If we write exp(i(k - k₀)(x - x₀)) = exp(i2π(k - k₀)/τ) with τ = 2π/(x - x₀) we find that for |τ| << Δk or |x - x₀| >> Δk^-1 the function exp(i(k - k₀)(x - x₀)) oscillates very rapidly in the integration interval and the integral yields approximately zero.
For x - x₀--> 0 |τ| --> ∞ and the function exp(i2π(k-k₀)/τ) --> 1 in the integration interval. Then the integral yields its maximum value. We therefore have
Ψ(x,0) ≈ 0 for |x - x₀| >> Δk^-1,   Ψ(x,0) ≈ Ψ_max for x = x₀.
x₀ = -dα(k)/dk|_k0 is the position of the center of the wave packet.

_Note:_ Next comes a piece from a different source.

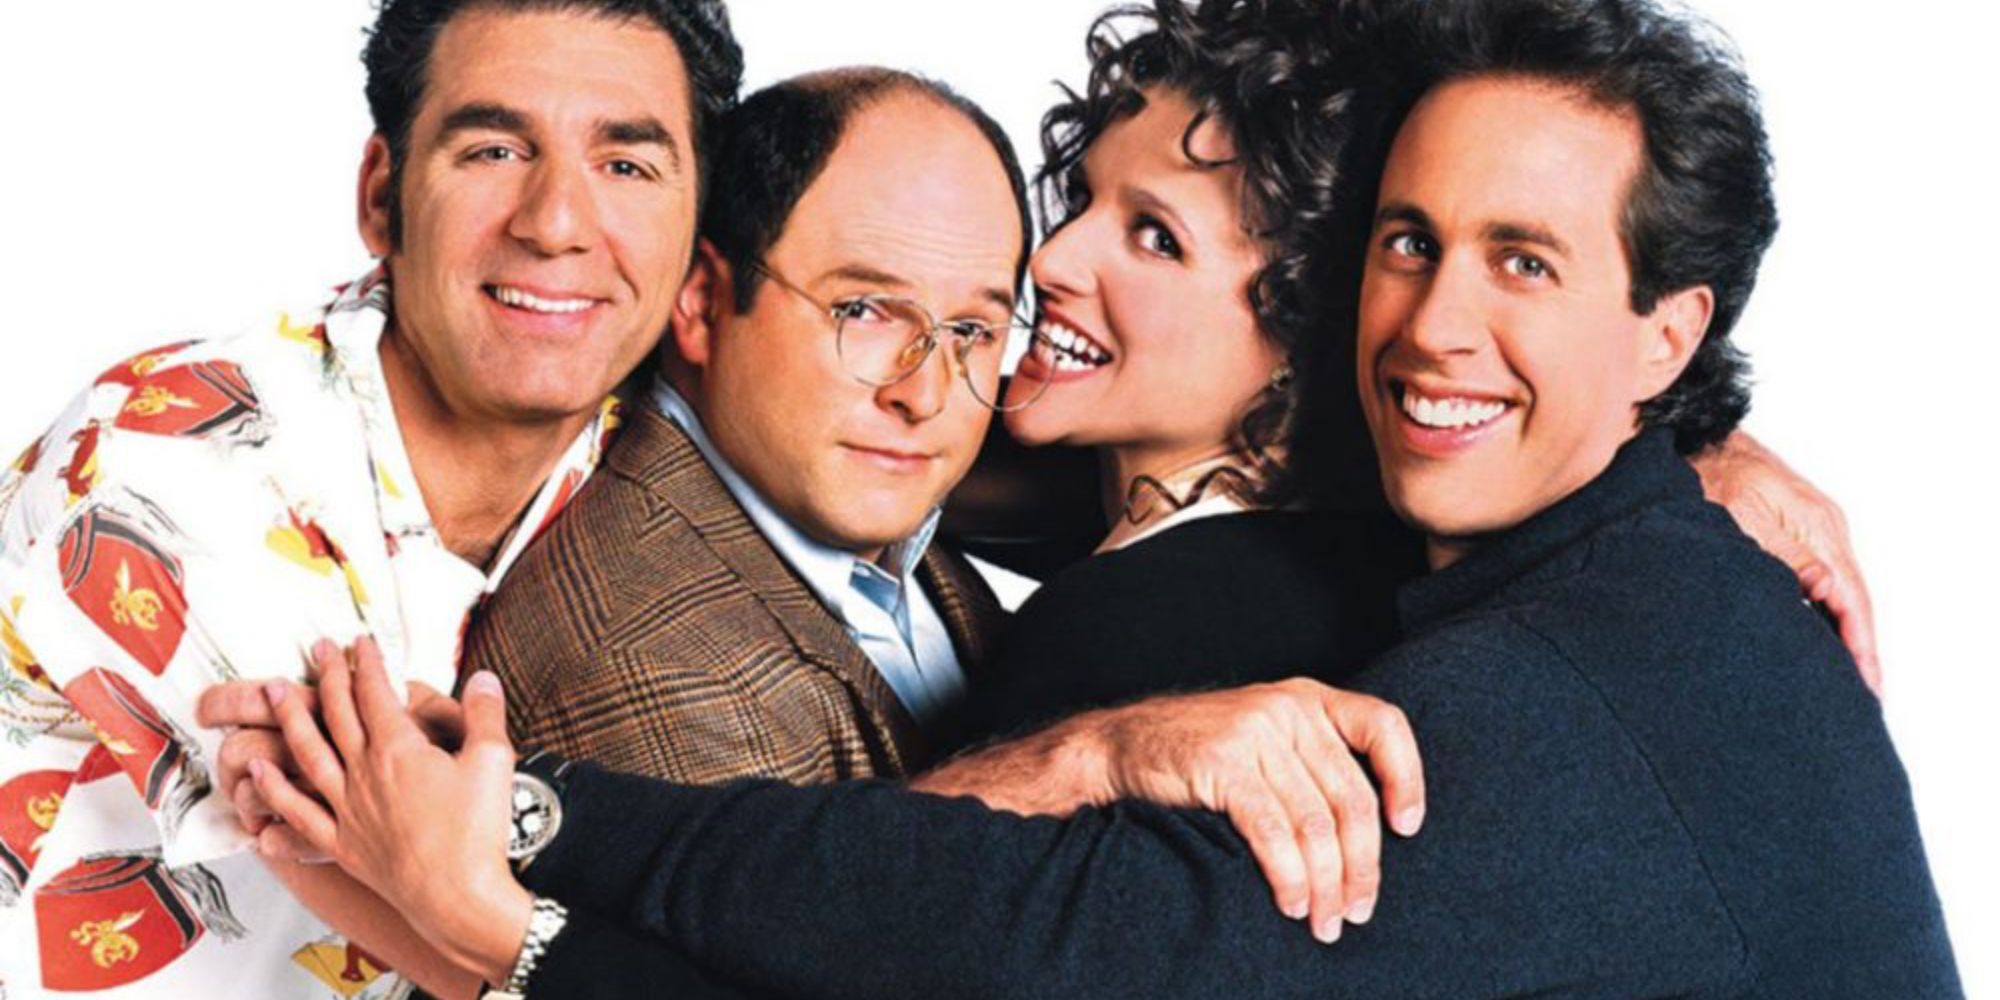 Kramer, George, Elaine, and Jerry from Seinfeld

As |x - x₀| increases |Ψ(x,0)| decreases. We expect the width of the wave packet Δx in coordinate space to be ~Δx = Δk^-1. Then Δx Δk ~ 1. This is the classical relation for two functions which are Fourier transforms of each other. The product Δx Δk has a lower bound. The exact value of this bound depends on the precise definition of Δx and Δk.

Now consider the wave function at some fixed position, say x = 0, as a function of time. Assume we want to build a wave packet representing a particle which has a high probability of being observed at position r = 0 in a small time interval Δt about t₀.
Ψ(0,t) = (2π)^-1/2∫Ψ(ω) exp(iωt) dω and Ψ(ω) = (2π)^-1/2∫Ψ(0,t) exp(-iωt) dt.
Here Ψ(ω) and Ψ(0,t) are Fourier transforms of each other. If Ψ(0,t) is centered at t₀ with small width Δt, then Ψ(ω) has width Δω such that Δt Δω ≥ 1.